Edit: I wonder where the 2.5 mill amount came from? Is this what the books cost to get written and put out there? Or is this wishful thinking based on presented figures and established this is what this income is worth to buy algorithms?


----------



## PhoenixS

TimothyEllis said:


> Even if $1500 an hour isn't sustainable, and it comes down to $150 an hour, this is still enough to make most authors drool.


But there's that darn $2.5M that has to be earned back. At $150 per hour, even at a continued 15 hours per week, that's $9000 per month. At that rate, the investment won't earn out for 23 years. And that's without figuring in new books or ad spend or inflation or the loss from unrealized interest on $2.5M vs interest gained on $9K per month. And this account was spending about 60% of their revenue on putting out new books and on ads. Likely on gifting and incentives, too. That was about $80-90K per month back before (presumably) Amazon clarified its policies. In what's likely niche categories where there's little guarantee that the market for those books (assuming there's an organic one there now) will be there next month or next year. Especially if the books can't be in KU.

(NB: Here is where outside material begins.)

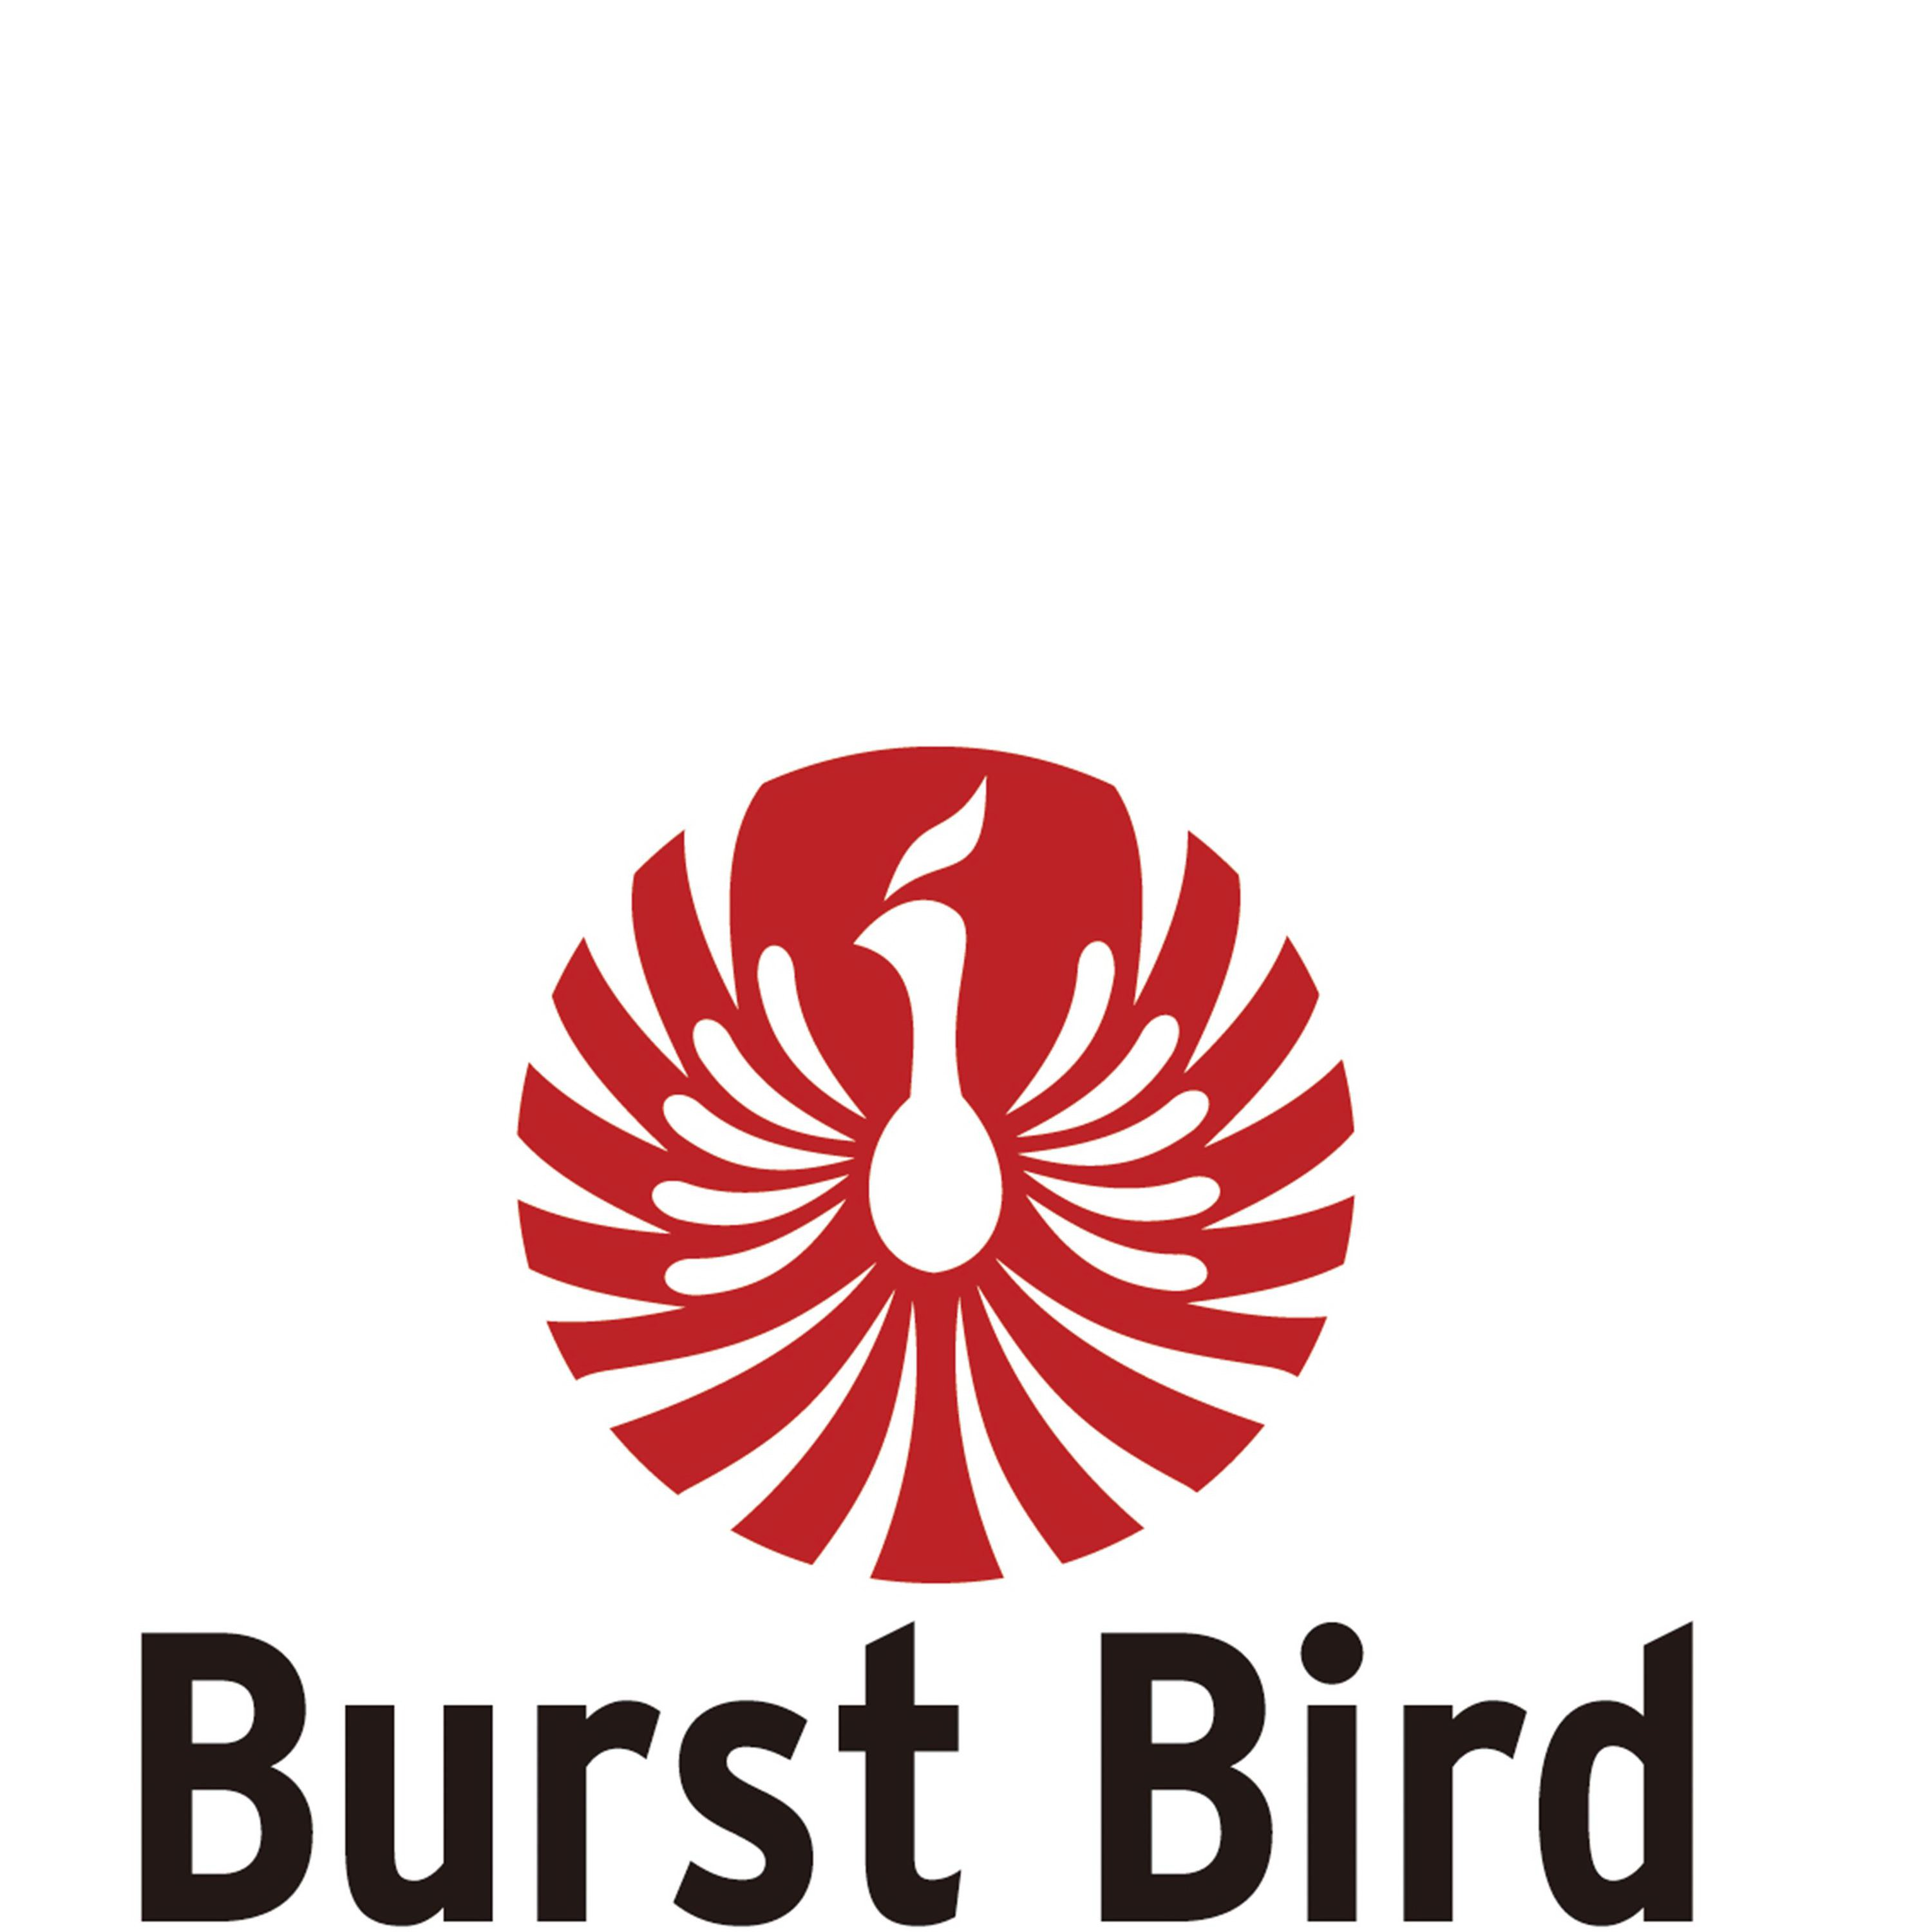  BURST BIRD

If they can't be, then the $25K per month bonus on the author account plus another few thousand for individual title bonuses just in the US (and some of the mastermind authors were also making inroads into Germany and gaining bonuses there) can't be earned. So, conservatively, that would be $30K per month in bonuses that would come off the top, as well as money from pages read (probably 50% conservatively) that would be cut completely, while expenses would at best remain the same, or likely even increase since sales would be harder to get. So, peddling harder for less return. Instead of $80K per month profit, you'd be getting $25K. And it would take you 8.5 years to recoup your $2.5M, plus another year to recover the lost interest and inflation adjustment, IF the market held and if the biz was sustainable month on month. And that's best case. That's a pretty big gamble. There's not even physical inventory to declare a loss on if (or, more realistically, when) things go south fast.

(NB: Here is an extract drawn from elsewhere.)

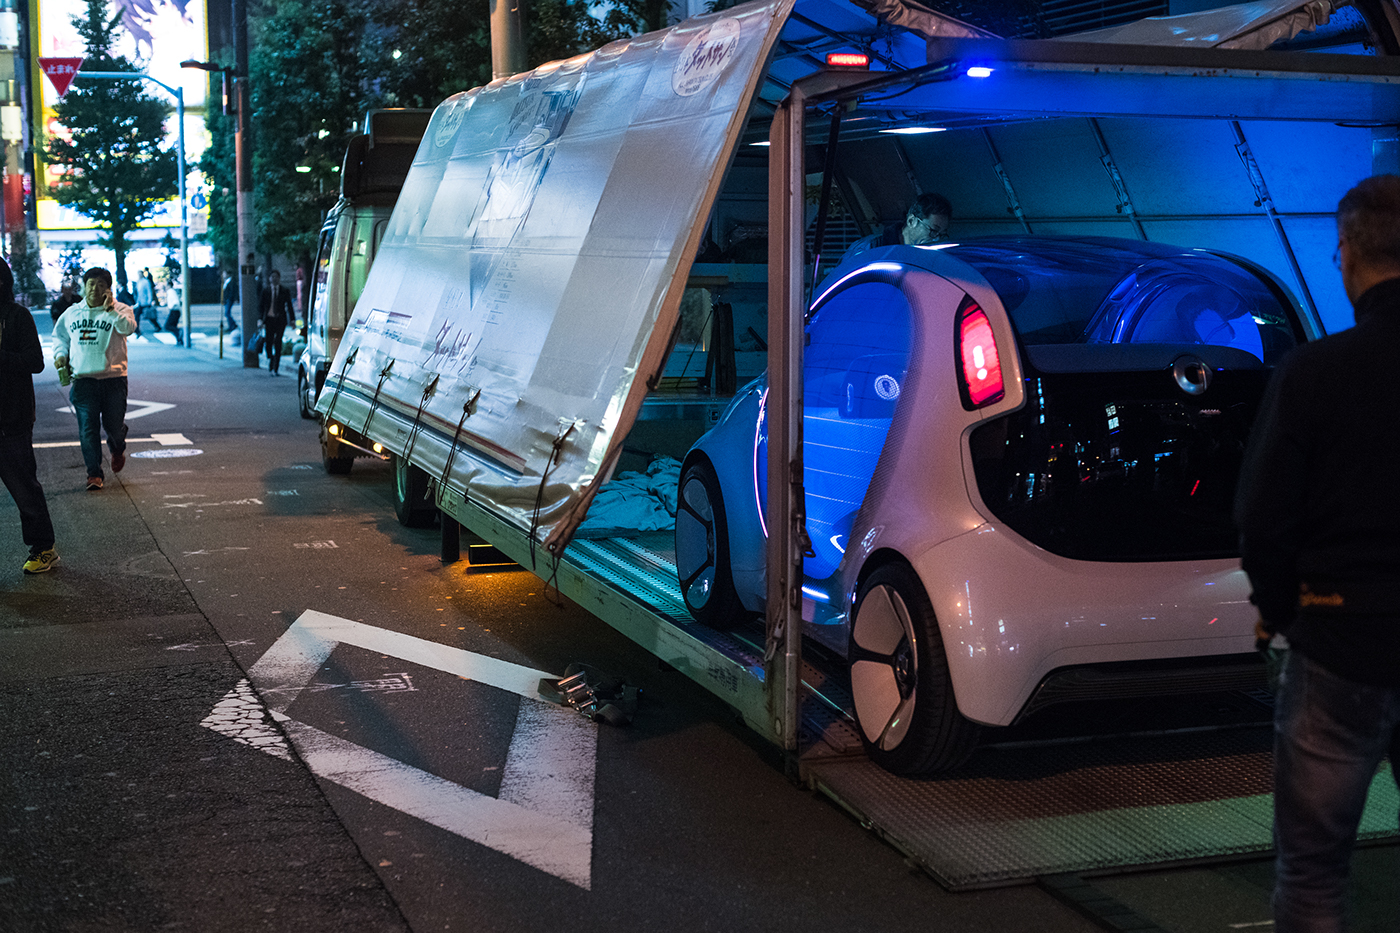 Smart future mobility EQ tokyo Autonomous Driving akihabara automotive

Ebooks may be forever, but ebook sales aren't. And the more the market is flooded with good books, the harder it will be to sustain catalog sales for the next 5 or 10 years, much less into our children's lifetimes.


----------



## AltMe

PhoenixS said:


> But there's that darn $2.5M that has to be earned back.


I was talking the opposite. Why sell, when its a residual income with little time needed, and you can go on to the next best thing, leaving it ticking over behind you.

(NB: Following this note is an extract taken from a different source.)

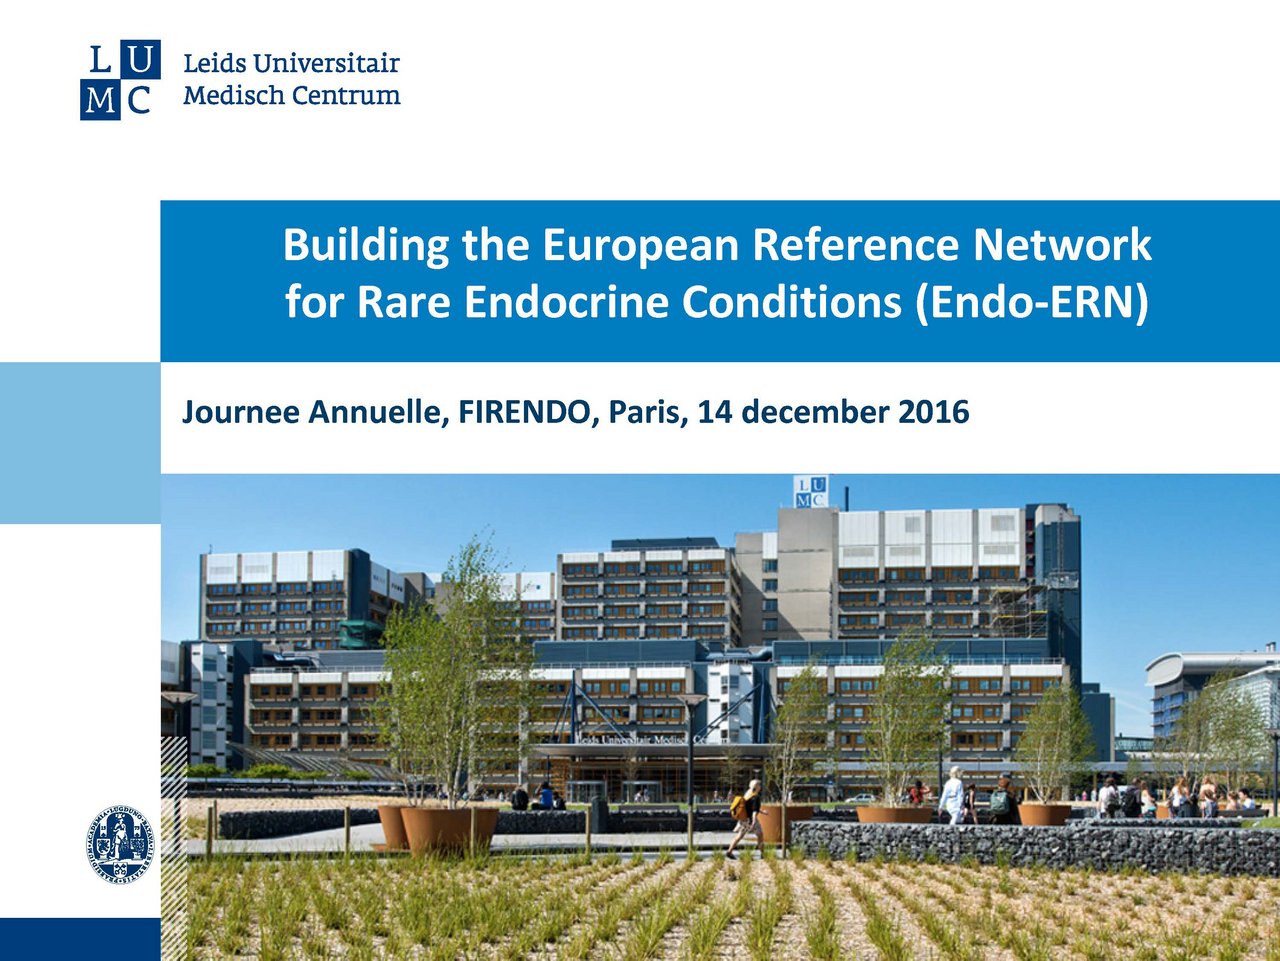 Journée Annuelle FIRENDO 2016 Alberto Pereira EndoERN European Reference Network Endocrine Rare Diseases Conditions

Selling is a quick bang, but at that price, anyone in the know is going to balk. Cashing out as someone said, but it needs a mug to buy. Whoever does buy it, I have a bridge over Sydney harbour I'd love to sell you.


----------



## unkownwriter

> Why sell, when its a residual income with little time needed, and you can go on to the next best thing, leaving it ticking over behind you.


Because it won't be ticking over behind you? Maintaining sales is going to require a constant influx of money for ads, new covers, updating blurbs and so on. For the most part, a book is yesterday's news, of interest but quickly losing ground to today's news.

There's also a constant influx of new books by other people, which means it's increasingly difficult to maintain ranks, get sales/page reads, and even increase all of this. If the potential buyer doesn't have the same skill at managing a business, with employees, doing effective marketing and writing new books that will keep the catalog growing, they likely won't have the same results. Two and a half million dollars invested in a business as risky as publishing? P T Barnum had a saying for that.


----------



## jb1111

Usedtoposthere said:


> Well, business is just business if all your books are written by ghostwriters, anyway.  I cannot imagine you would feel huge personal ties.
> 
> Timing and the ten-month reporting are darned suspicious. Not to mention any number of other things, like why you would give up a cash cow paying you about $1500 an hour on a steady basis for a fifteen-hour week. IF you foresaw that cash flow continuing. Pretty ridiculous. Caveat emptor.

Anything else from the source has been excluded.